Critical Phenomena in Complex Networks: from Scale-free to Random Networks

TL;DR

This paper investigates critical phenomena in configuration network models with hidden variables, revealing how temperature influences network topology, degree distribution, and phase transitions from disconnected to connected structures.

Contribution

It provides analytical expressions for network properties and demonstrates how temperature controls the transition from scale-free to random graphs and the emergence of a giant component.

Findings

Degree distribution shifts from power-law to Poisson with temperature

Phase transition leads to the formation of a giant component

Network topology undergoes fundamental changes at critical temperature

Abstract

Within the conventional statistical physics framework, we study critical phenomena in a class of configuration network models with hidden variables controlling links between pairs of nodes.

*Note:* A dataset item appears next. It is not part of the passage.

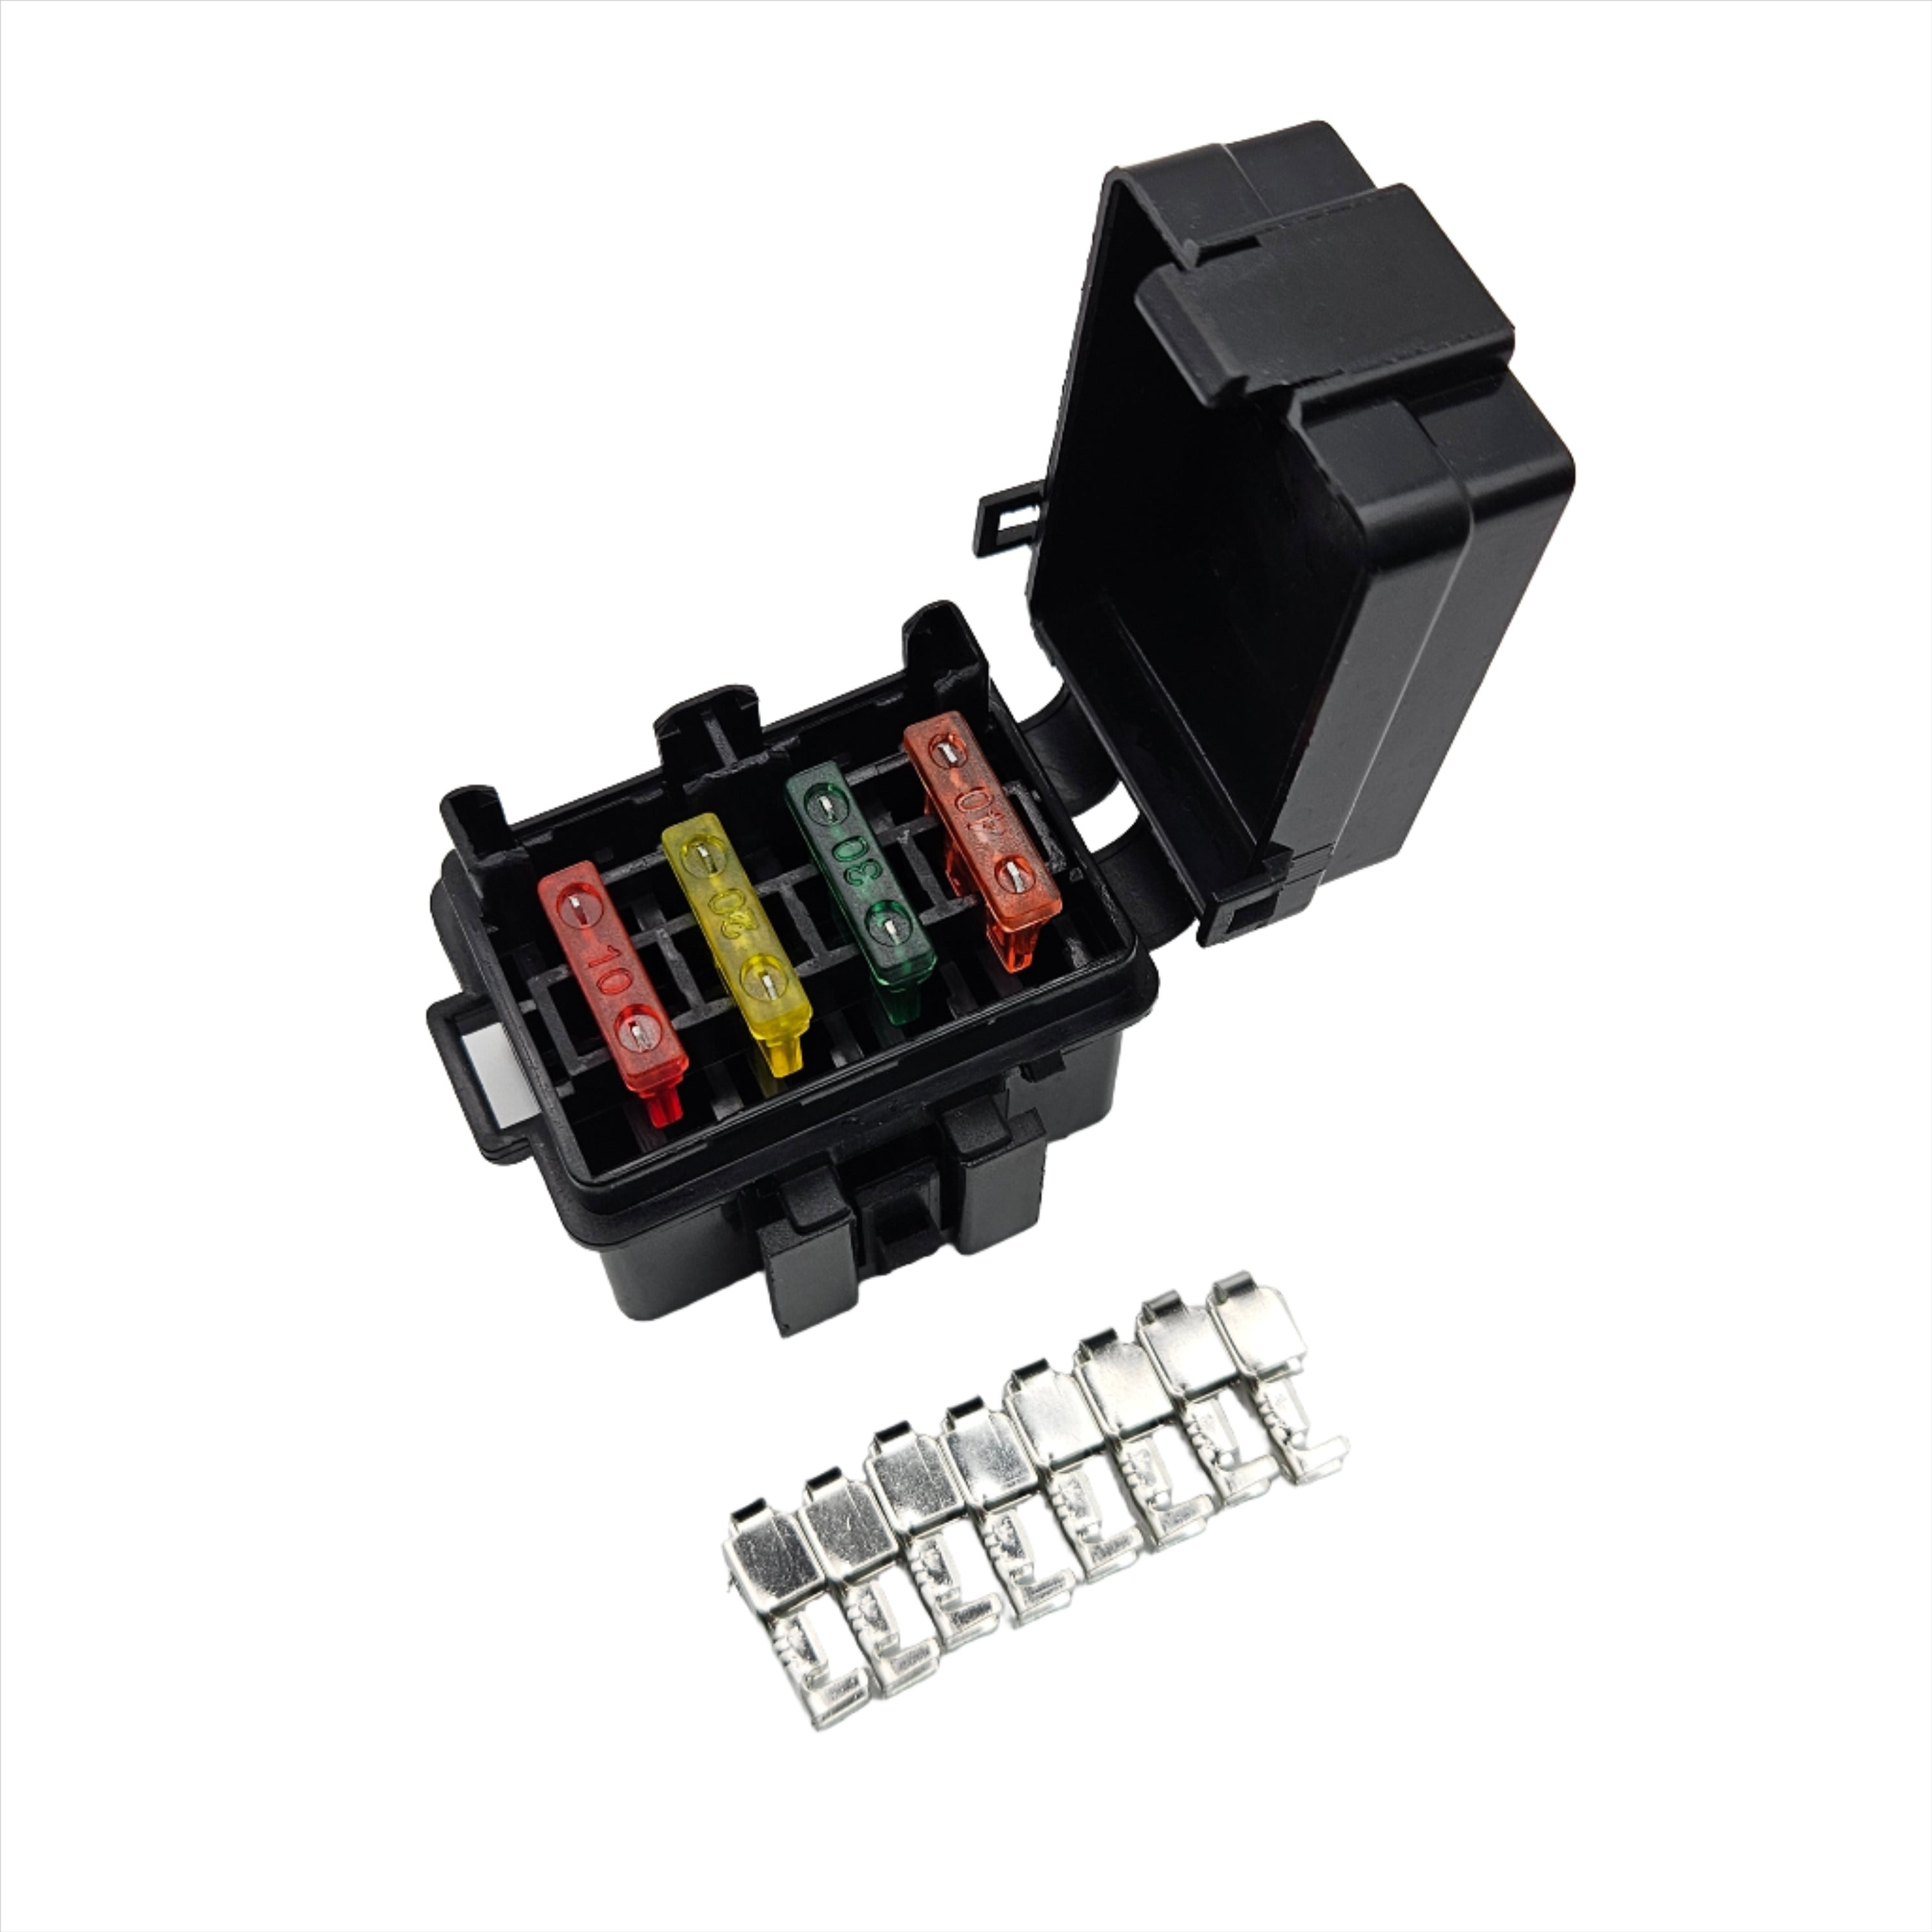 4 Way Fuse Box Standard Automotive Circuit Controller Box Medium Relay Assembly Car Fuse Holder

We find analytical expressions for the average node degree, the expected number of edges, and the Landau and Helmholtz free energies, as a function of the temperature and number of nodes. We show that the network's temperature is a parameter that controls the average node degree in the whole network and the transition from unconnected graphs to a power-law degree (scale-free) and random graphs. With increasing temperature, the degree distribution is changed from power-law degree distribution, for lower temperatures, to a Poisson-like distribution for high temperatures. We also show that phase transition in the so-called Type A networks leads to fundamental structural changes in the network topology. Below the critical temperature, the graph is completely disconnected. Above the critical temperature, the graph becomes connected, and a giant component appears.